DATASET EXTRACT
>>>

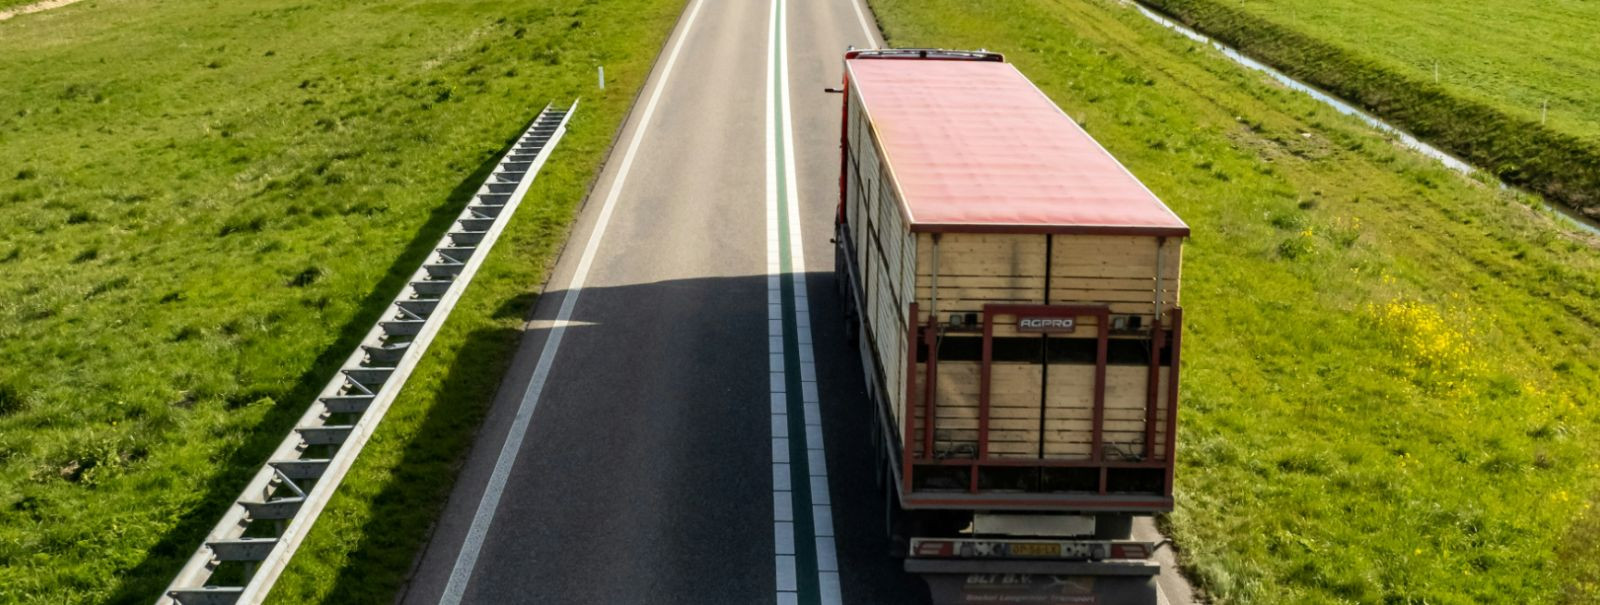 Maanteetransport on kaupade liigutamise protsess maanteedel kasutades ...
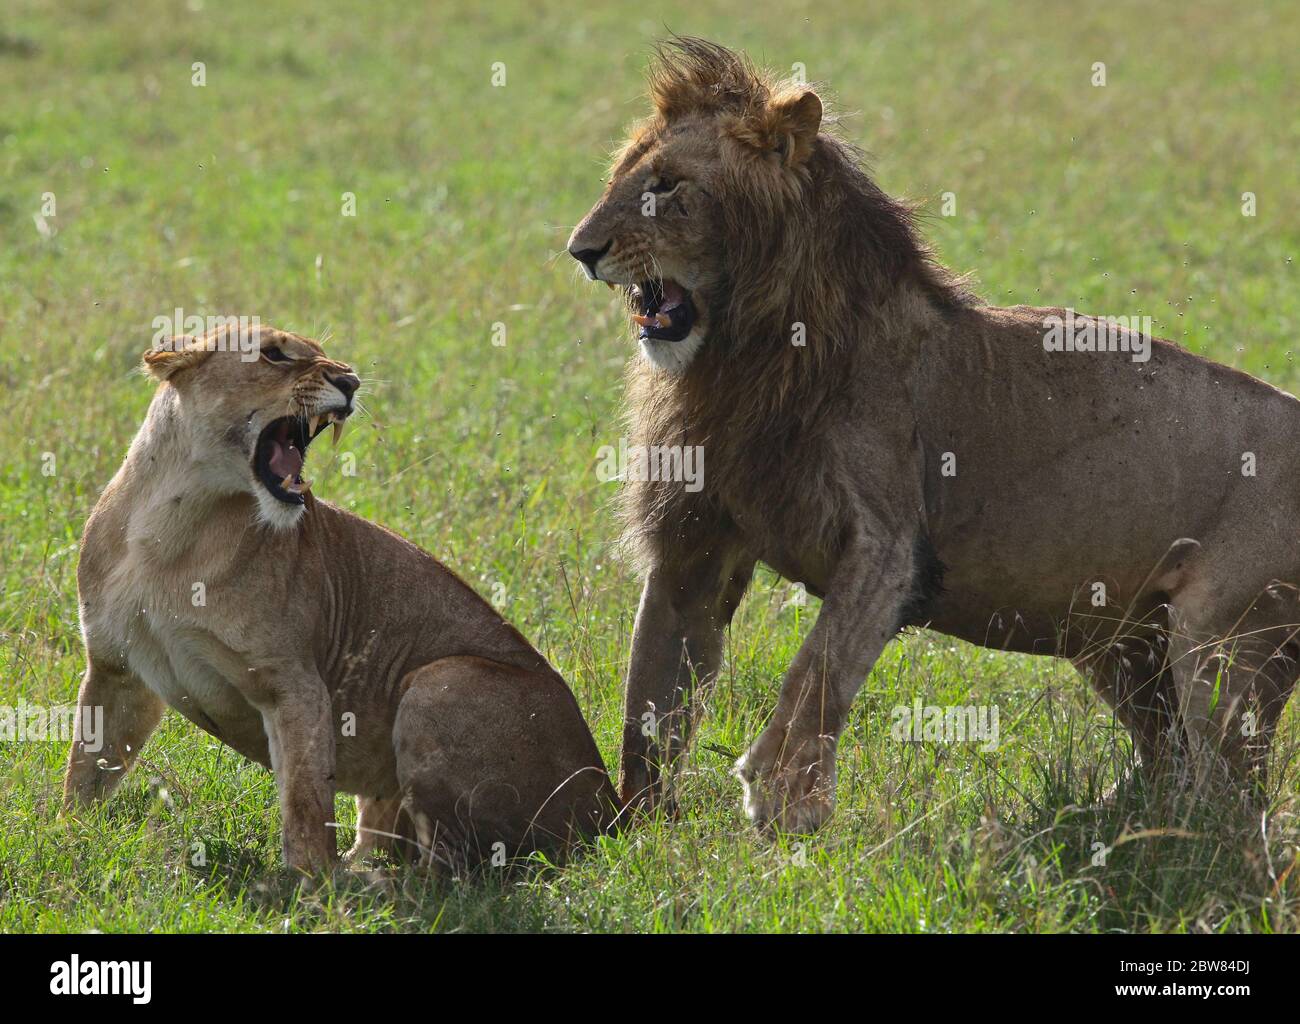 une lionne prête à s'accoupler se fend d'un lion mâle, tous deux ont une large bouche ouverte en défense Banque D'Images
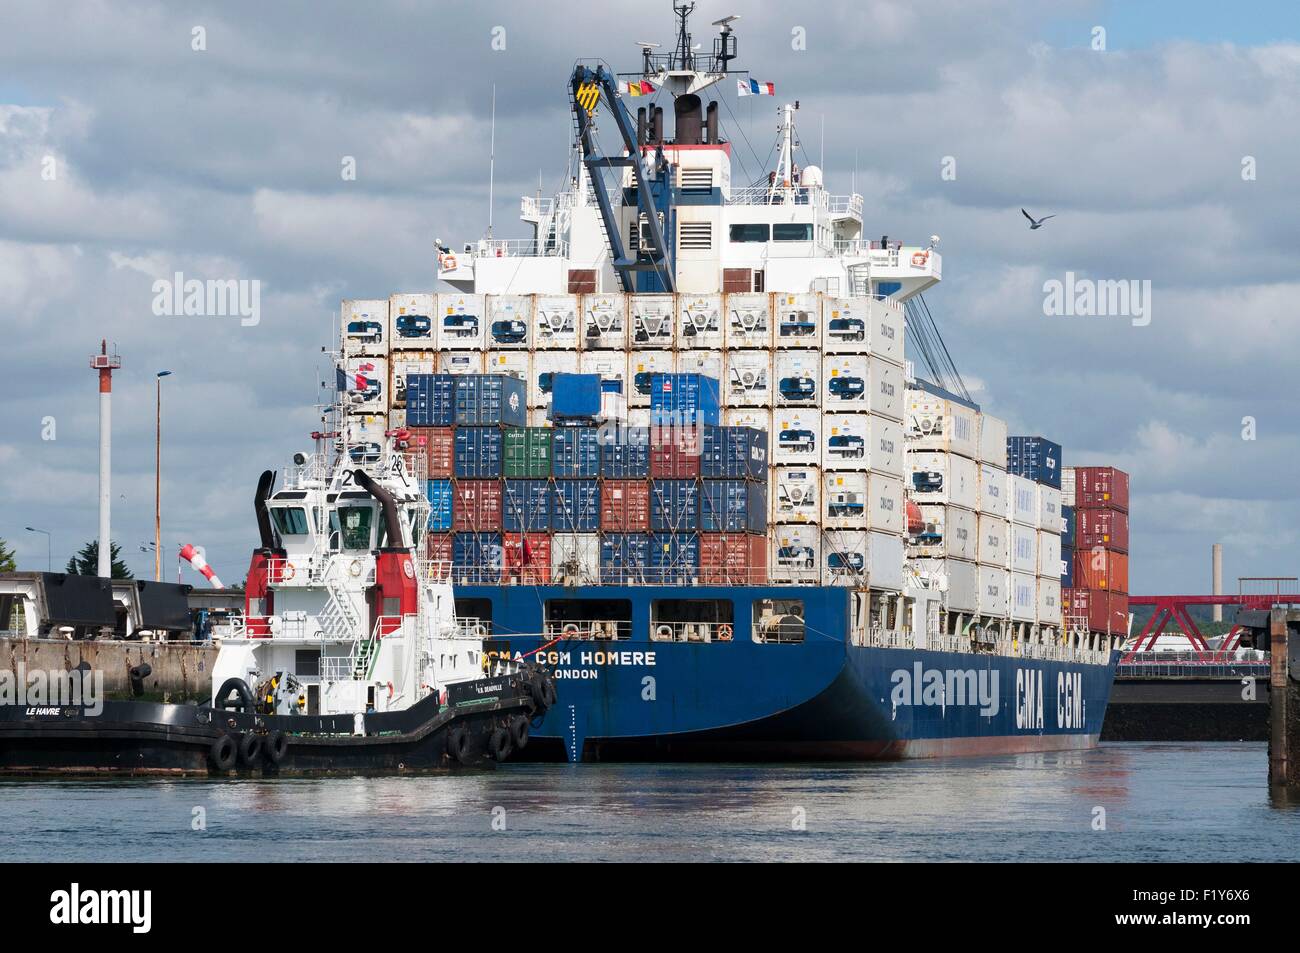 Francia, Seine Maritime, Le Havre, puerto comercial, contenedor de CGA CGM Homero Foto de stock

<<<

ACTION ITEM
Leaving every picture out, output the data exactly as it stands.

TASK SOLUTION
 Maanteetransport on kaupade liigutamise protsess maanteedel kasutades ...
 une lionne prête à s'accoupler se fend d'un lion mâle, tous deux ont une large bouche ouverte en défense Banque D'Images
 Francia, Seine Maritime, Le Havre, puerto comercial, contenedor de CGA CGM Homero Foto de stock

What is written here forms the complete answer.